- _Dataset extract_:
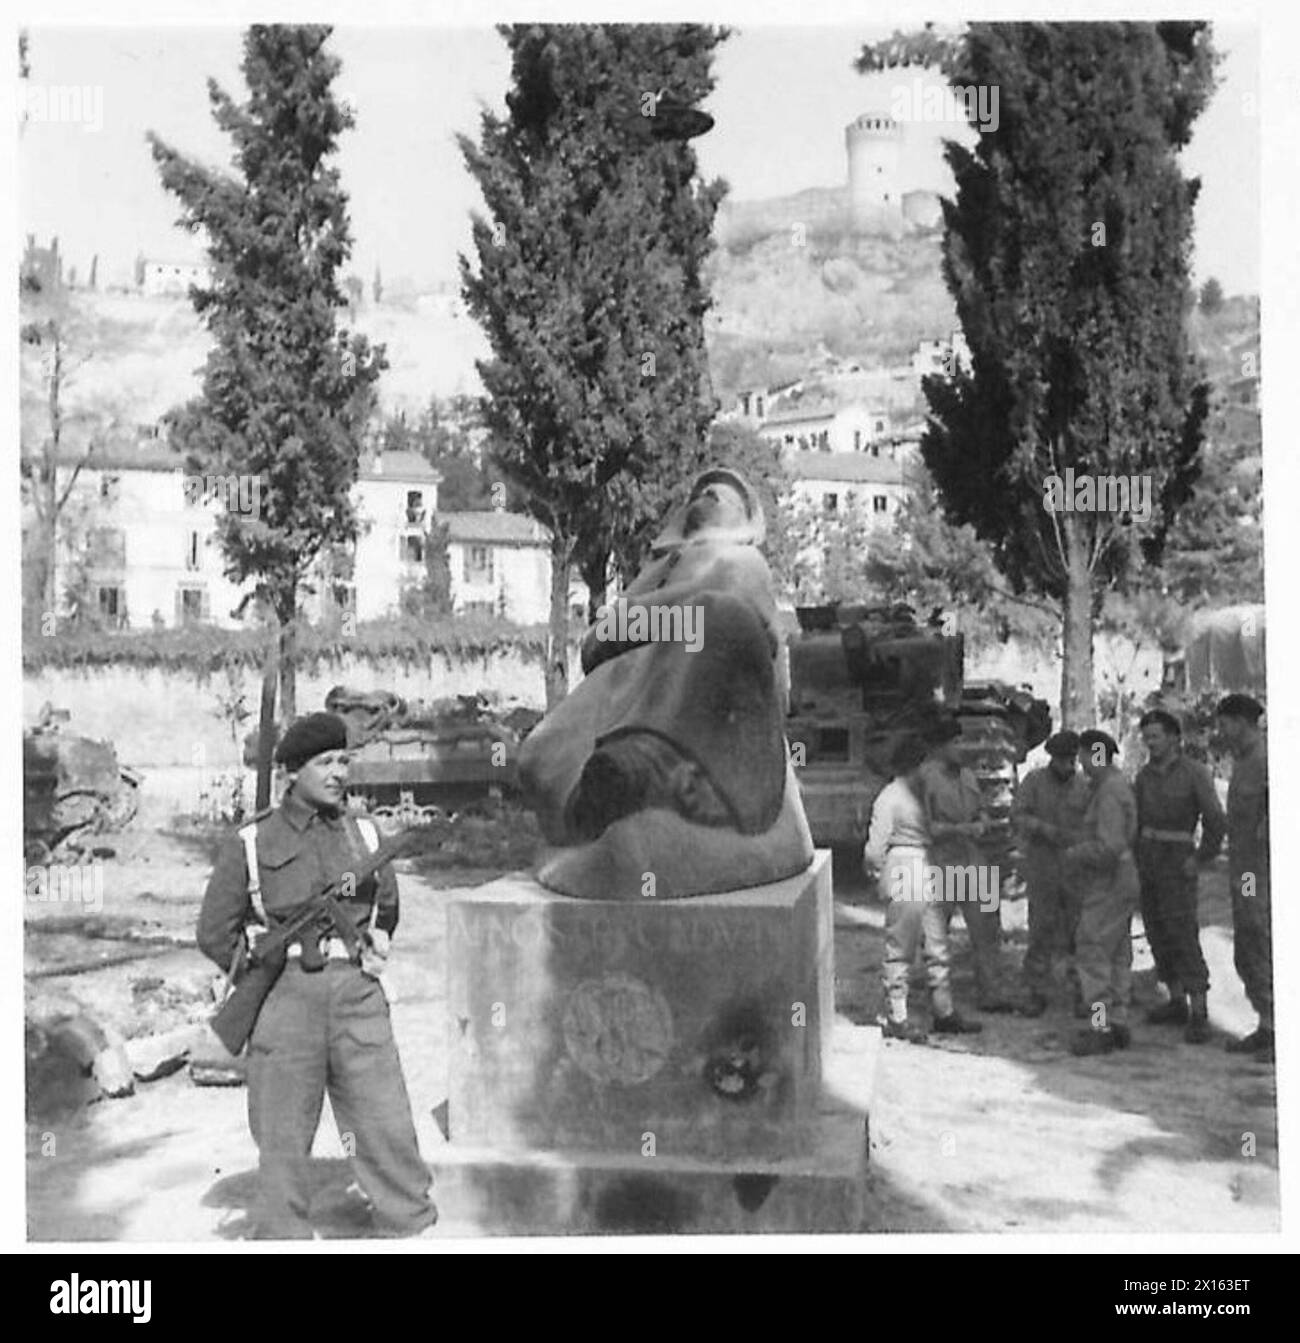 EIGHTH ARMY : VARIOUS - Tpr. William Parker of 16 Hampton-Dunscroft Road, Doncaster, Yorks, stands beside the War Memorial at Brisighella as he guards the tank park of 'A' Sqn. 8 Royal Tank Regiment. In the background is the ancient Castello Rocca Di Brisighella, built by the Venetians British Army Stock Photo
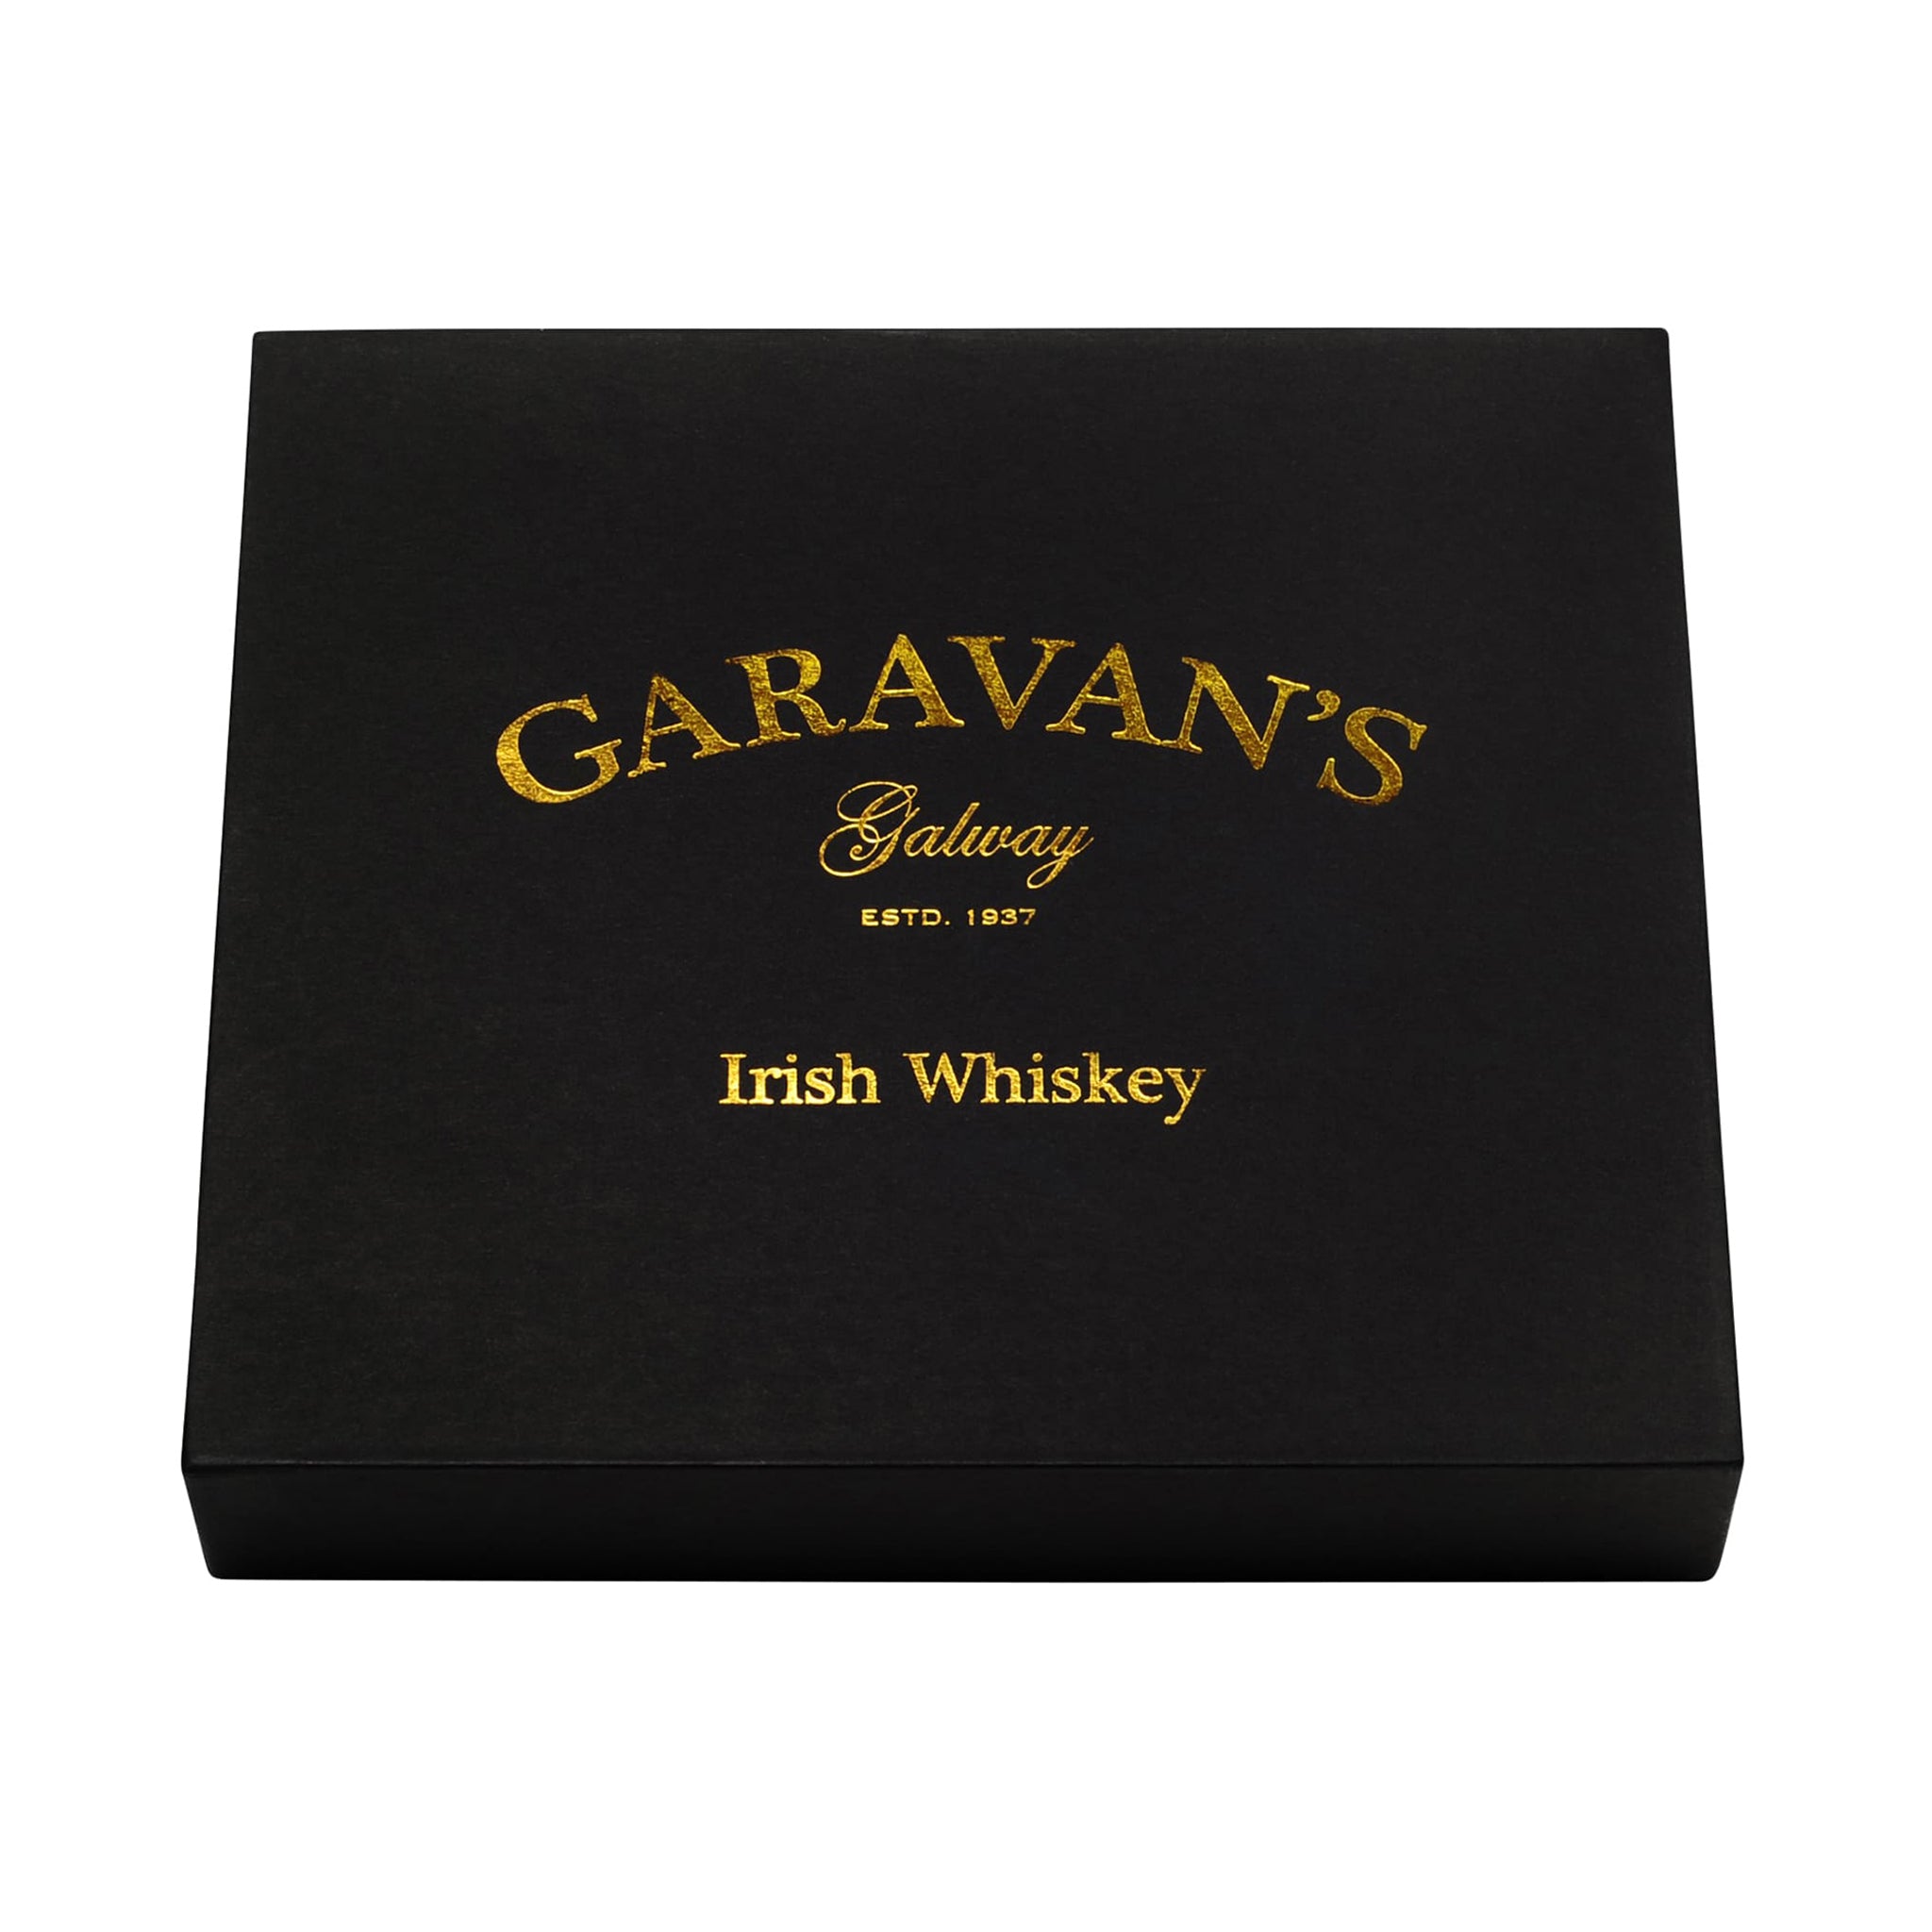 Garavan’s Whiskey and Glass Set - Luxurious Gift for Whiskey Lovers - Expertly Crafted Irish Whiskey Glasses and 8-Year Single Malt Whiskey in Velvet-lined Gift Box
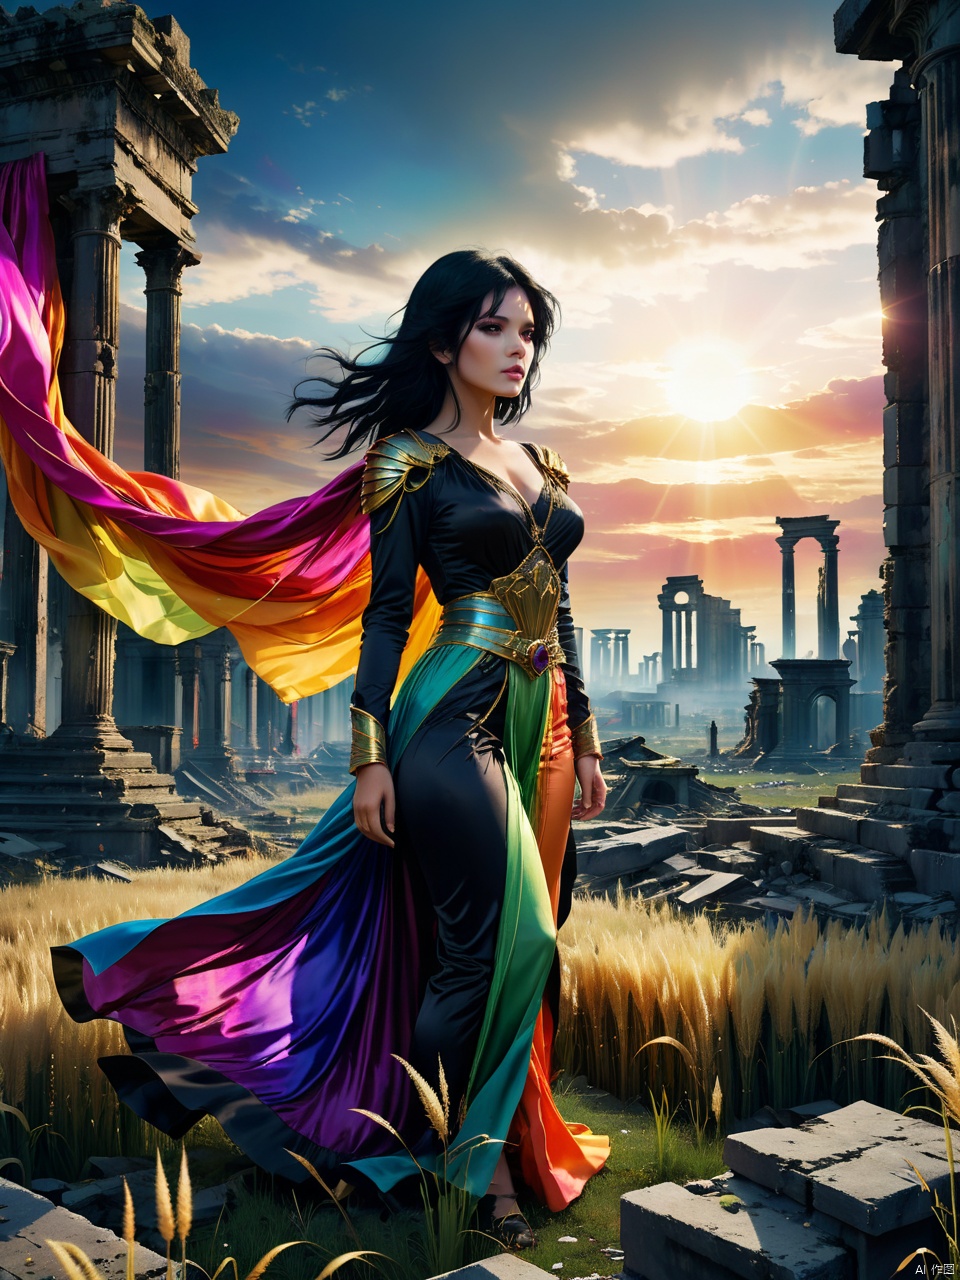 In the midst of the messy wild grass on the ruins of the apocalypse, a dazzling girl stands there, wearing colorful silks and satins, with her black hair flying freely. Her warm and determined gaze brings light to the darkness and hope to the desolation. The cinematographic quality, medium shot, making the background hazy and giving a high-quality masterpiece., shining, science fiction, surespace

- _Exercise goal_: Return the material line for line, from its beginning to the line that contains "Garavan’s Whiskey and", with the pictures left out.

- _Exercise answer_:
 EIGHTH ARMY : VARIOUS - Tpr. William Parker of 16 Hampton-Dunscroft Road, Doncaster, Yorks, stands beside the War Memorial at Brisighella as he guards the tank park of 'A' Sqn. 8 Royal Tank Regiment. In the background is the ancient Castello Rocca Di Brisighella, built by the Venetians British Army Stock Photo
 Garavan’s Whiskey and Glass Set - Luxurious Gift for Whiskey Lovers - Expertly Crafted Irish Whiskey Glasses and 8-Year Single Malt Whiskey in Velvet-lined Gift Box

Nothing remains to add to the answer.